Но он всегда был очень напористым. И, в конце концов, я сдался. Мы с ним уехали на месяц в этот заброшенный городишко близ Рио-Браво дель Норте. Все, что я о нем помню, — песок, кактусы и огромные стаи бродячих собак, больше похожих на койотов…

Там он познакомил меня с каким-то выжившим из ума индейцем. Сказал, что индеец — местный знахарь, и сможет мне помочь. Я был озабочен только тем, что прихватил с собой мало виски.

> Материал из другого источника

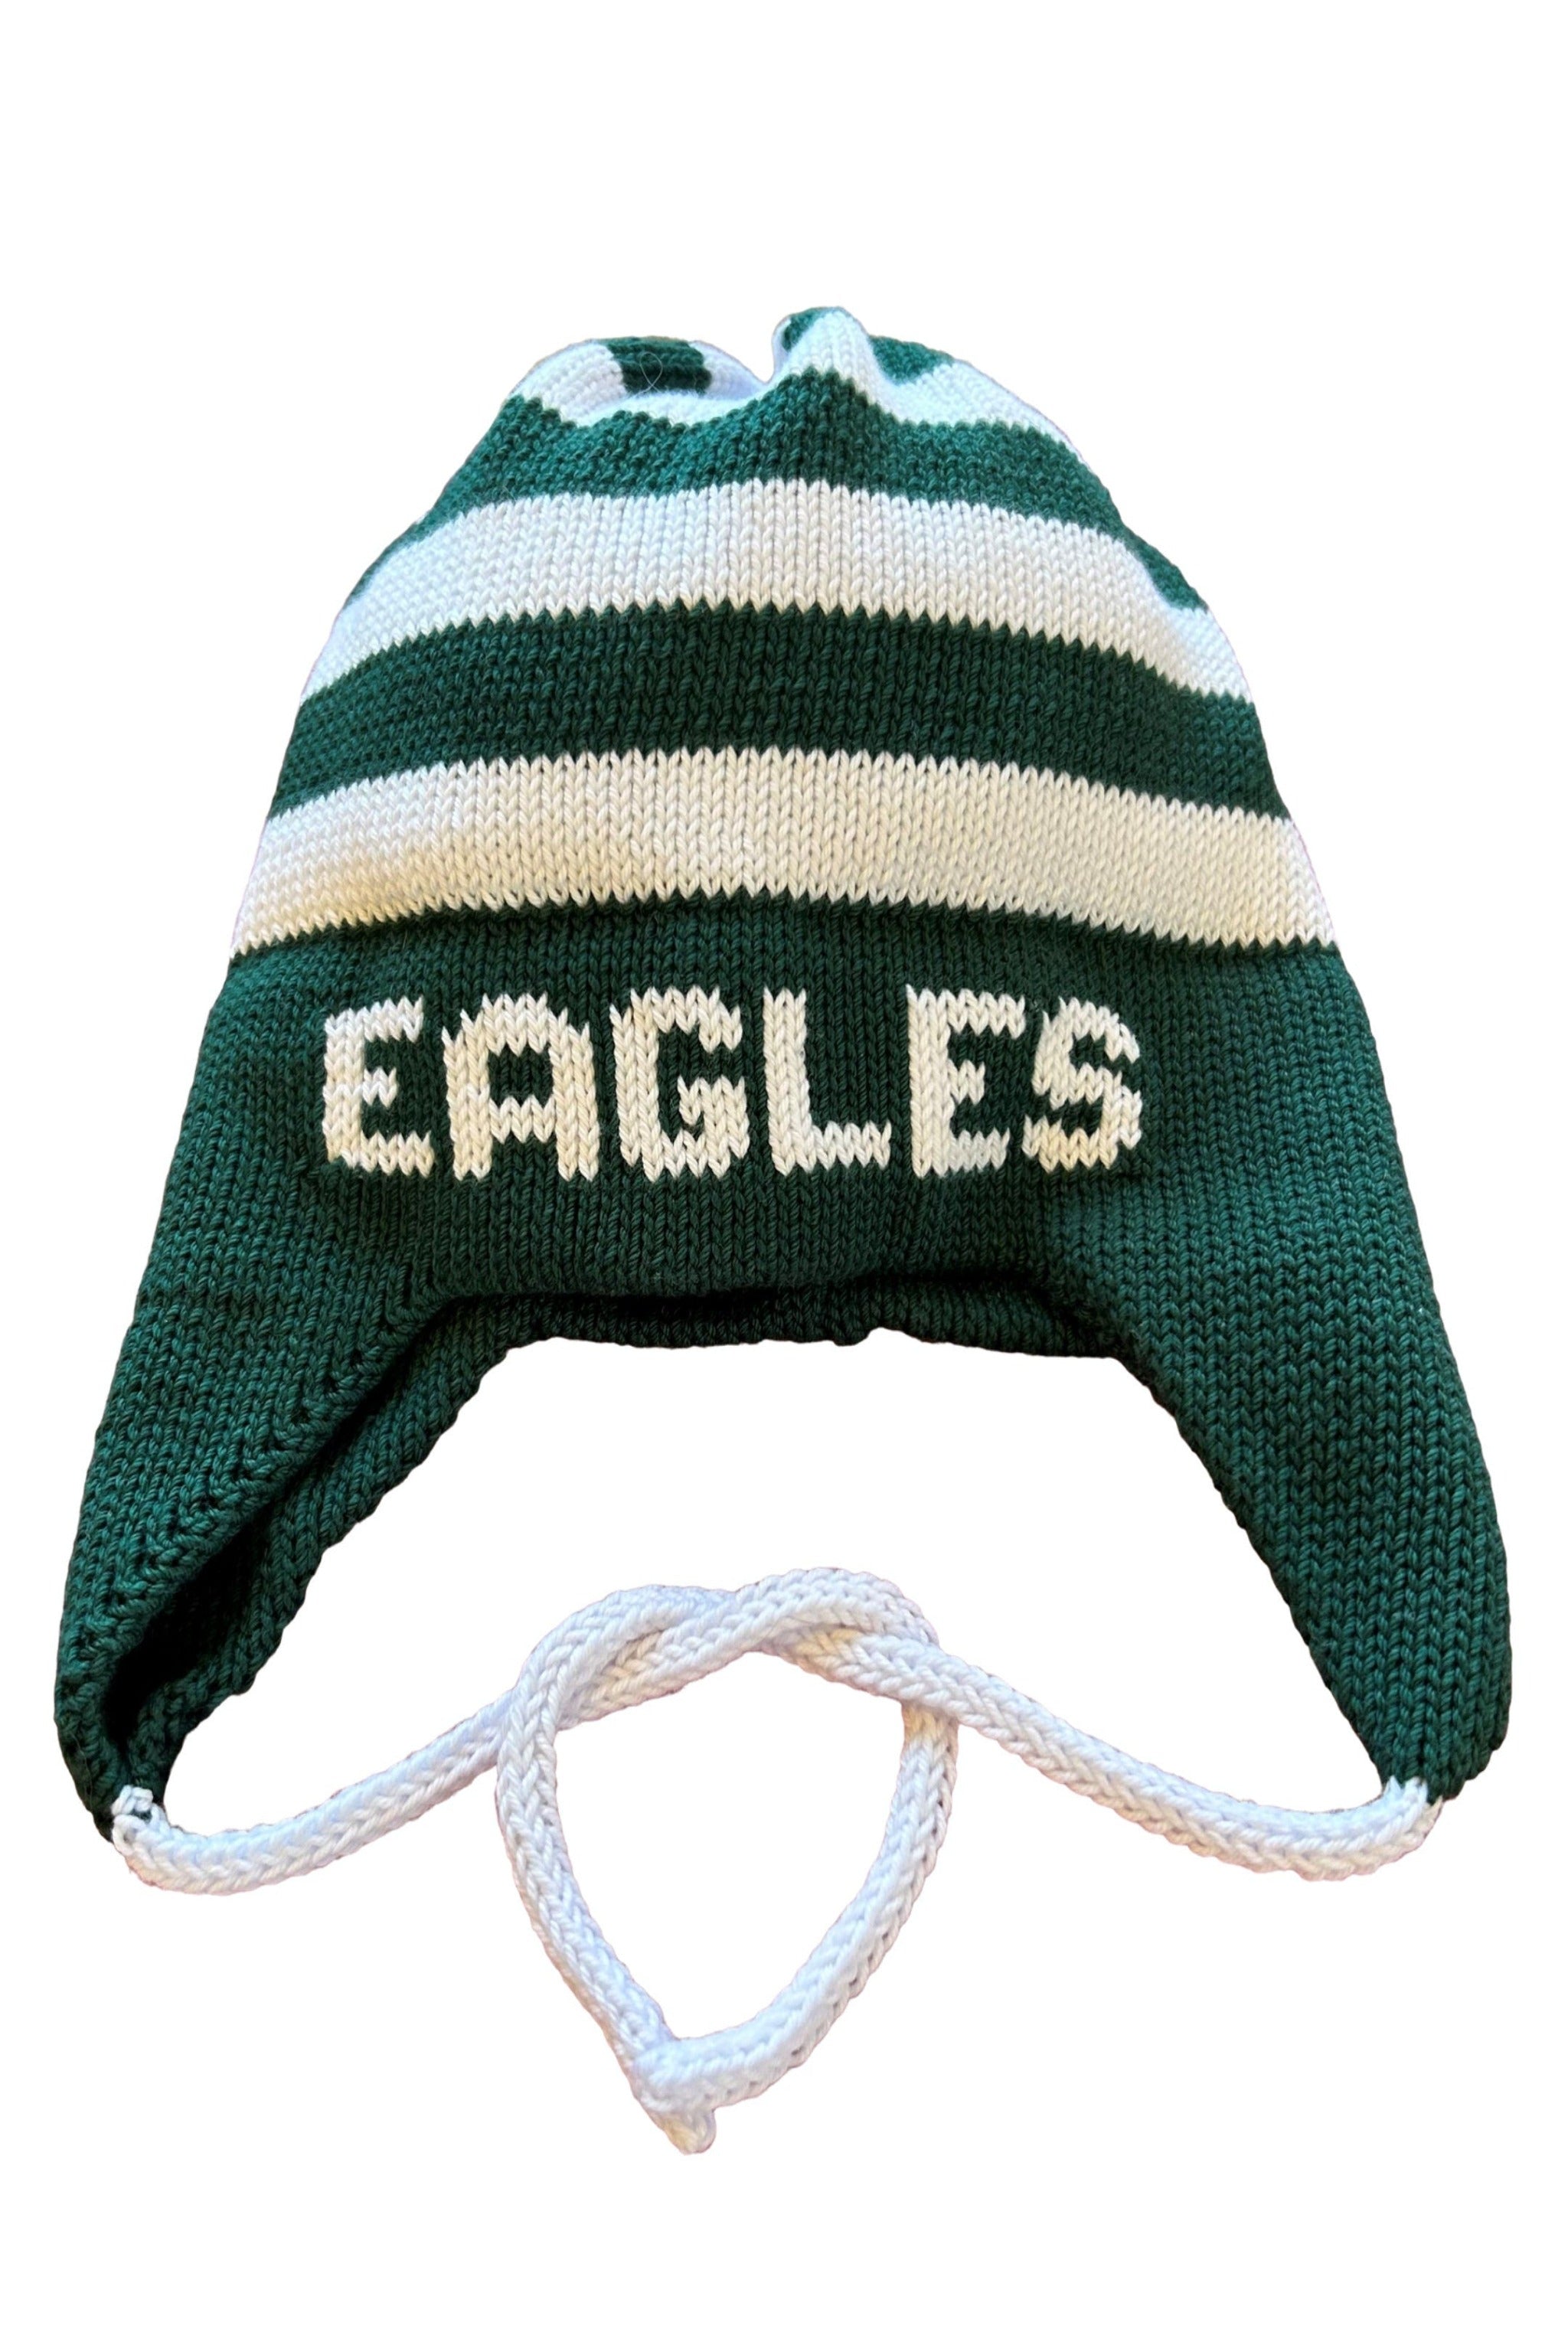 Team or School Spirit Striped Earflap Hat - Custom Knits for Baby
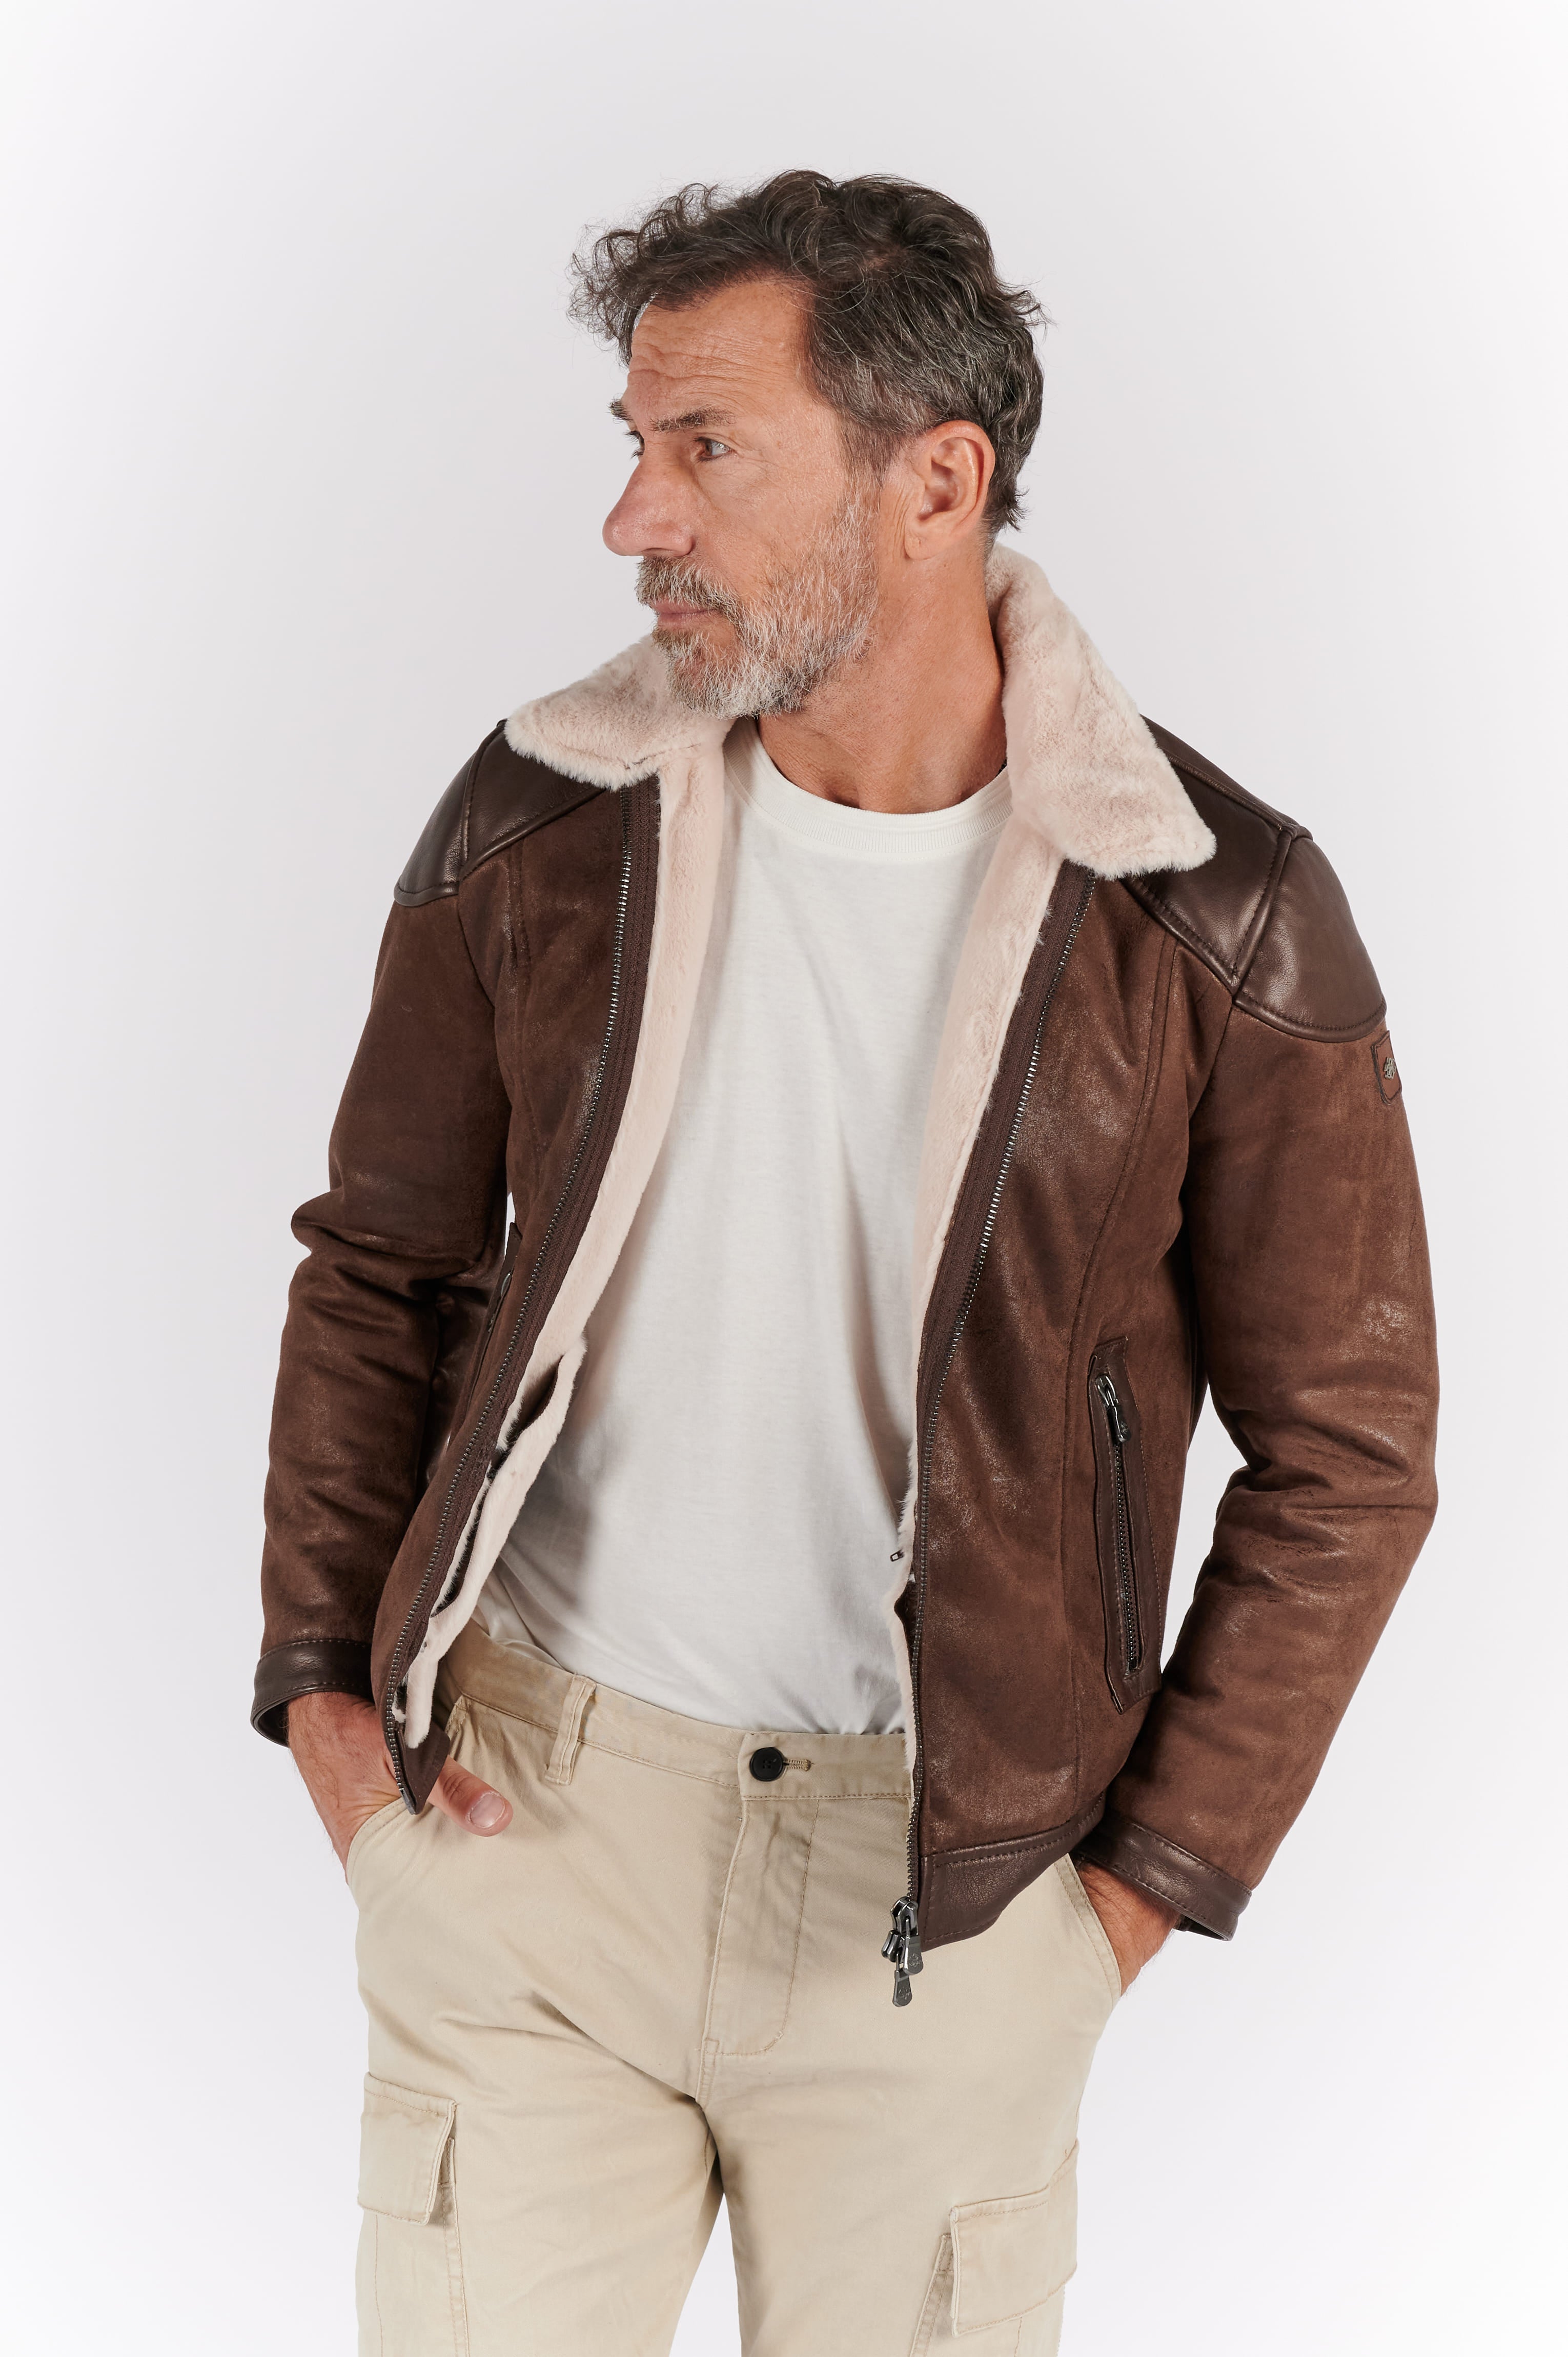 ELTON GOLD COLLETTO SHEARLING STYLE - Barone Firenze

Мы поселились в паршивом отеле, единственном в городе. Каждый день он таскал меня с собой. То в пустыню, то к индейцу. То в пустыню вместе с индейцем. Это было пыткой для меня. Ходить по сумасшедшей заре, слушая ломаный испанский этого старика. Я даже не пытался вникнуть в то, что он говорил. А говорил он много. Другу было очень интересно все, о чем болтал индеец. Мне же хотелось лечь на раскаленный песок и умереть. На эти прогулки я обязательно прихватывал с собой фляжку, где весело плескалось виски. При ста градусах по фаренгейту глоток Seagram's 7 Crown действует, как удар дубинкой по голове. Поэтому на обратном пути им часто приходилось поддерживать меня под руки. Каждый вечер мы посылали друг друга к черту. Но каждое утро он снова волок меня к индейцу.

Однажды во время очередной прогулки по пустыне я напился особенно сильно. Так, что не мог идти. Я просто привалился к камню и послал их обоих к черту. Вряд ли я осознавал тогда, что делаю. Все было как в тумане.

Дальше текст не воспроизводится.